The petitioner's contention is that the new rules give the government unbridled and completely unguided power to decide the terms of service of the tribunal members. The rules have severely compromised the minimum qualifications for the NGT members. “People like you and me with no judicial or legal training and experience are now eligible for heading the highest position as well as the search and selection committee. Even a person who has been a judicial member or an expert member for three years is qualified to be the NGT's chairperson. Right now, the only qualification required is that the person should be close to the ruling party,” says Vikrant Tongad, who heads SAFE.

“The problem with the new rules is that it gives primacy to the executive in the appointment and removal of the members of tribunals like NGT, and this severely affects their independence,” says Tongad. The petition by SAFE states that the new rules are “destroying the separation of powers between the branches of government and independence of judiciary enshrined in the Constitution, in complete violation of the basic structure of the constitution”.

“The changes seem clearly designed to destroy it (the NGT) by taking away its independence. This is totally unacceptable and we hope the Supreme Court will strike it down and the members of the Parliament, the media and citizens will oppose the move,” says Himanshu Thakkar.

“The NGT had a dedicated jurisdiction in environmental matters to provide speedy environmental justice and help reduce the burden of litigation in the higher courts. We are faced with a situation of the executive taking over the judiciary,” says Tongad.

Centre seeks unbridled power

Opposition to this move came more recently from Jairam Ramesh, former environment minister, who moved the Supreme Court in August 2017 against those provisions of the Finance Act 2017 that give undue power to the Centre to decide the functioning of the judiciary. The public interest litigation (PIL) by Ramesh notes that the new rules “uses the expression 'or' while laying down the qualifications for the chairperson now allows even a non-judicial member or an expert member to be a chairperson provided he has not less than three years of experience as a member. This is a serious encroachment into the composition and functioning of the NGT and cannot be constitutionally countenanced in light of several decisions of the Supreme Court.”

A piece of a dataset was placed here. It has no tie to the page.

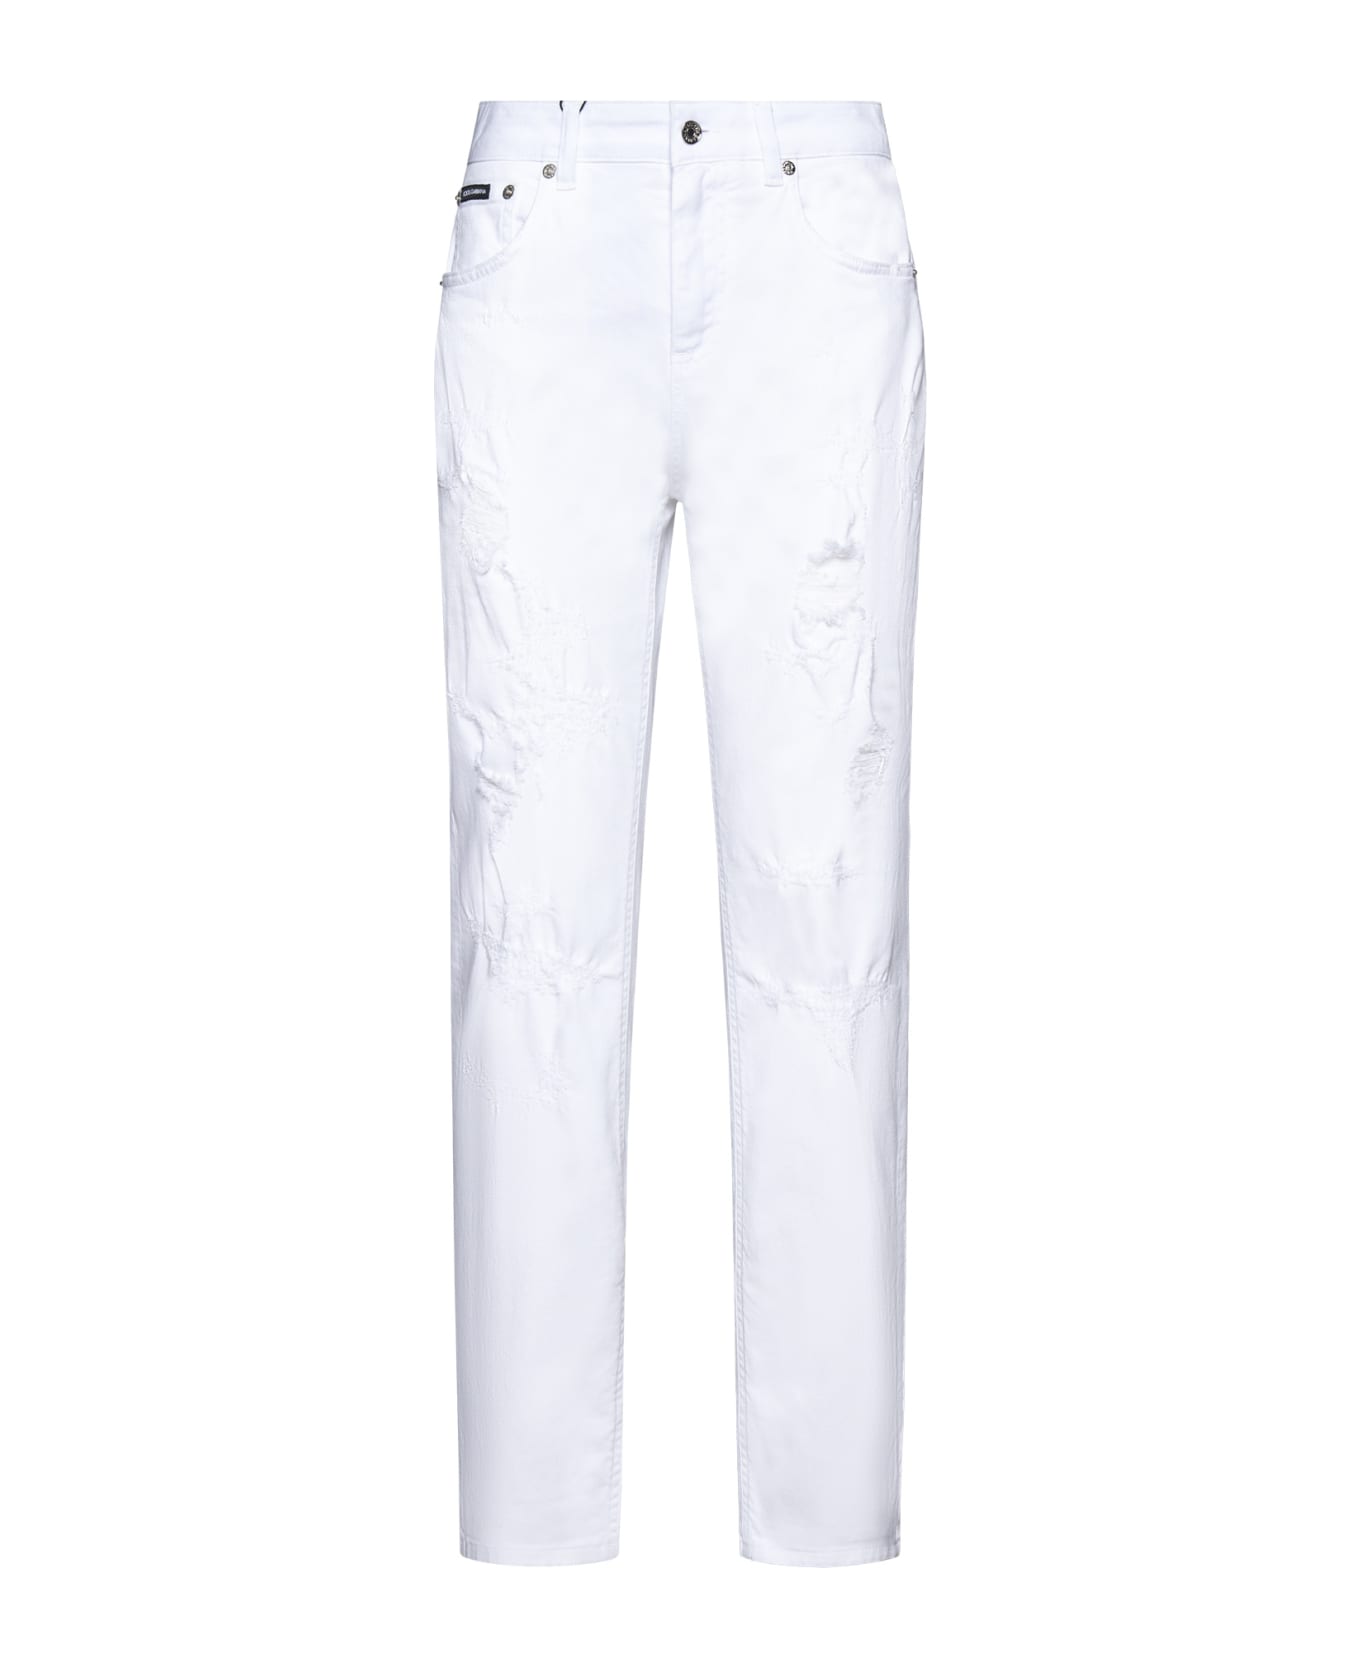 Dolce & Gabbana Jeans - Bianco otticco ボトムス

"By giving central government such unbridled power in relation to determination of such conditions of service of members of the NGT, the principle of separation of powers, which is a part of the basic structure of the Constitution, is being violated. The Supreme Court has repeatedly held that judiciary including the tribunals must be free from executive control," the petition states.

The petition pleads that the rules be declared as “ultra vires” (beyond its powers) given the NGT Act, 2010 and the Constitution. Ramesh argues that the government could have come up with an amendment to the NGT Act instead of taking the route of the Finance Bill. This could have been passed in the Lok Sabha after a debate. Jairam Ramesh’s PIL challenges sections 182, 183, 184 and 185 of the Finance Act, 2017 as well as the Rules framed under section 184.

An effective NGT was causing the government and big businesses a lot of unease. Experts believe that considering diluting the powers of the NGT by amending the NGT Act would have been politically dangerous and would have invited a lot of criticism, the government decided to do it surreptitiously.

A Supreme Court bench comprising Chief Justice J.S. Khehar and justice D.Y. Chandrachud has tagged the plea by Jairam Ramesh with the similar pending petition filed by SAFE and has issued a notice to the central government on the petitions. The ministries of law and justice and finance have been asked to respond to the plea, but the operation of the provisions of the Act and the rules have not been stalled yet.

There are not many such parallels in India’s environmental jurisprudence as the recent judgements by the NGT. Rendering the NGT powerless will leave us with not much hope.